Equally, the goal model forms an ideal basis for a comprehensive requirements analysis – both of system functions and of the constraints that apply to the functions – and subsequent structured design. A single copy-and-link operation can create a skeleton System Requirements with complete traceability back to the goal model.

    Discussion

    The need to develop requirements more co-operatively is becoming accepted, at least by researchers [Potts 1994, Graham 1998, Macaulay 1993, DSDM 1999]. Similarly, the need to match requirements models with design approaches has led to several object-oriented requirements methods, mostly intended primarily (or entirely) for software.

    Coherent Requirements Modelling

    Perhaps the best of these, and the one closest to the Scenario Plus approach, is SOMA [Graham 1998]. SOMA's first step is an Agent (Object) Model; its next step is to analyze tasks. SOMA however treats each task hierarchy as a separate structure, so that scenarios are basically entirely local. Scenario Plus constructs a single coherent Goal Model, representing all the tasks – each being to achieve a (sub)goal. This has the advantage that scenarios can be created interactively to encompass, animate, and test any part of a model – whether that spans one 'root' task or many.

    A much weaker approach is embodied in the much-publicised UML. Jacobson's contribution to object-oriented thinking was the idea of the use case [Jacobson 1992], a (usually) concrete instance of a particular application of a future system.
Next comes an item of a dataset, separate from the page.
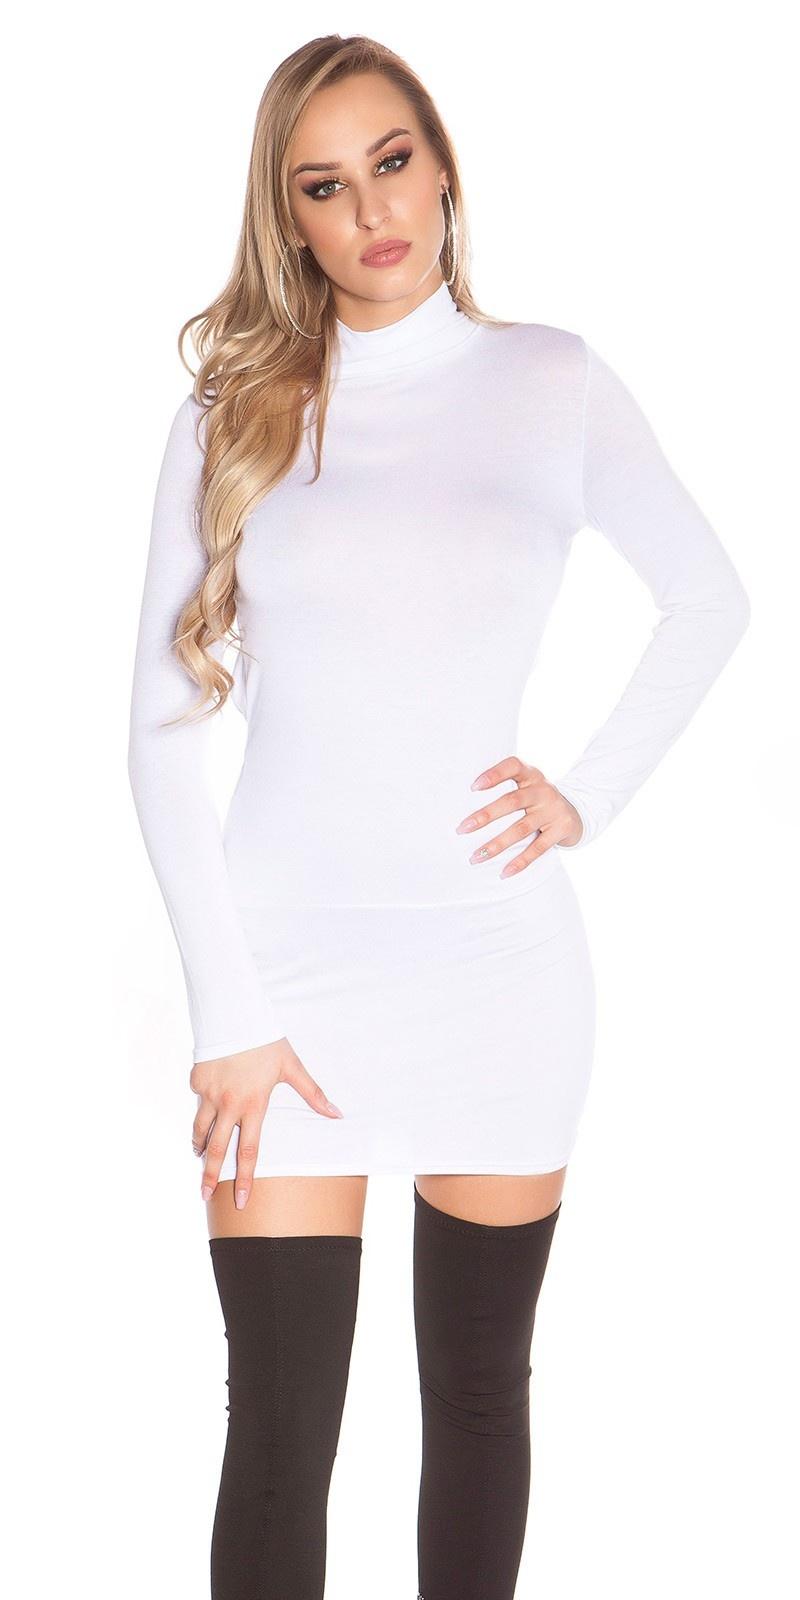 Sexy mini jurkje, open rug met col wit

There are several major problems with UML, inherent in the idea of building a method on use cases.

    Firstly, it is unclear from Jacobson's writings how use cases are to be fitted together into a coherent system model. SOMA partially addresses this by providing a context in the shape of an agent diagram; Scenario Plus completes this movement by constructing a goal model on the agent model's foundations.
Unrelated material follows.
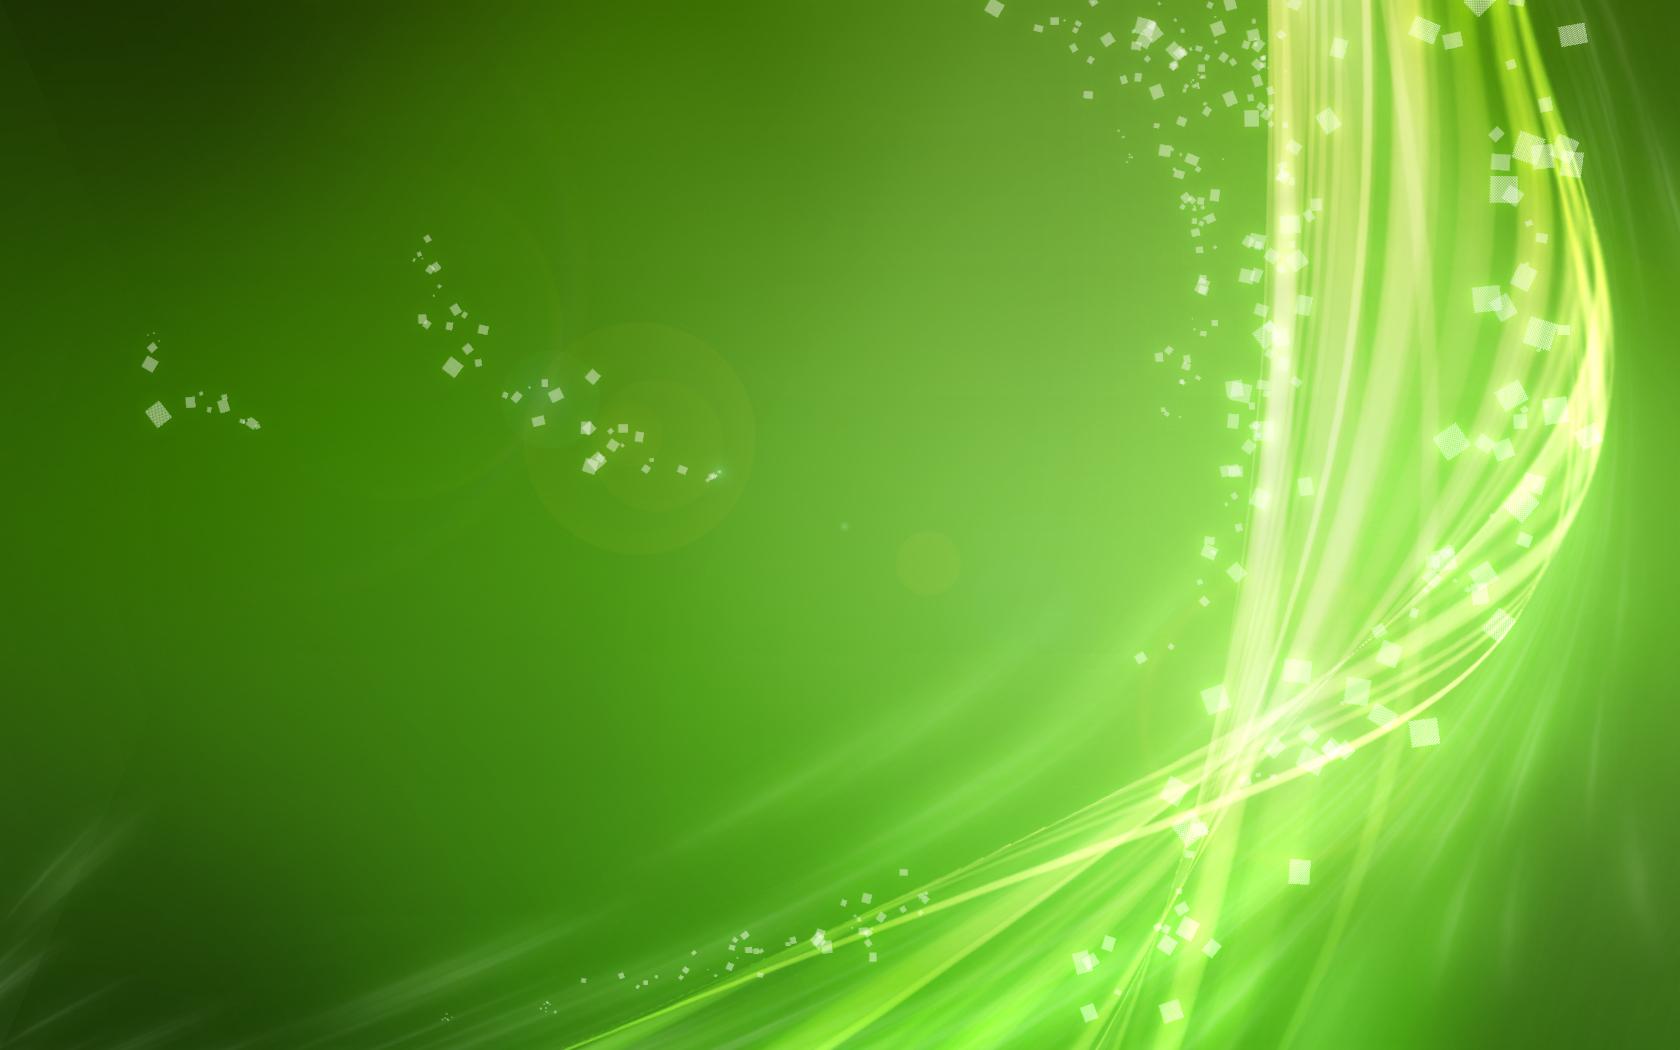 Green Wallpapers HD Pics 6821 Wallpaper Cool Walldiskpapercom 1680x1050

    Secondly, the concreteness of use cases makes them repetitive, where an abstract model is needed to guide development. [Jacobson 1992], [Cockburn 1997], and others have suggested abstract or generic use cases as a partial solution. Cockburn's thinking on hierarchies of use cases points towards the Scenario Plus approach, though without its use of types to distinguish parallel, alternative, and other kinds of subgoal.

    Thirdly, UML is heavily oriented towards thinking about solutions and software. [Graham 1998], [Stevens 1998], and [Jackson 1995] insist that it is essential to address the problem before the solution. Graham trenchantly criticises UML for encouraging software design to be started too early.

    Scenario Plus makes no assumptions about design methods. Agent and goal models can both be viewed as object models, and scenarios are close to abstract use cases, so object-oriented design is a natural choice. But a goal model is also an ideal basis for a traditional requirements analysis of functions and constraints, and subsequent structured design. In fact, co-operative goal modelling is useful even when no development is planned: improved clarity and agreement on processes may be a successful outcome, or a precursor to business process re-engineering.

    A goal model can be used simply to provide a logical chapter and section structure for a (user) requirements specification containing traditional 'shall' statements. In a requirements tool such as DOORS [QSS 1999], this seems like overkill, as the goals, if documented properly with suitable attributes, effectively describe what the users want without the need for 'shall's. Projects will differ as to which attributes they consider necessary, but most will want to define goal priority, review status, whether mandatory or not, performance and other constraints (Table 1).

    ID

    Goal

    Actor

    Review Status

    Wanted in Phase

    Performance

    Importance

    UR-46

    To Activate House Alarm

    Alarm Center Controller

    Approved

    1

    within 30 seconds

    Essential

    Table 1 : Goals as the basis for user requirements

    Co-operative Requirements Negotiation

    The ETHICS method [e.g. Mumford 1985] pioneered the involvement of 'users' on an equal footing, but unfortunately did not really address ways of translating the group's understanding into an effective specification.

    So-called Rapid (or Joint) Application Development approaches [e.g. DSDM 1999] similarly fail to construct models robust enough to control developers. SCENiC [e.g. Potts 1994] and USTM [e.g. Macaulay 1993] are good and practical ways of encouraging stakeholders to collaborate, but without the benefits of goal models or a proper foundation for the type of co-operation that is required.

    Many projects have failed because the stakeholders ultimately did not assent to the solution being imposed, as they saw it, from outside their ranks. Others run into difficulties after initial enthusiasm for joint development when the project's complexity takes it out of control. The approach described here aims to close the gap by combining a robust and tested method of organizing groups, with a simple and practical requirements engineering approach, supported by a dedicated toolkit.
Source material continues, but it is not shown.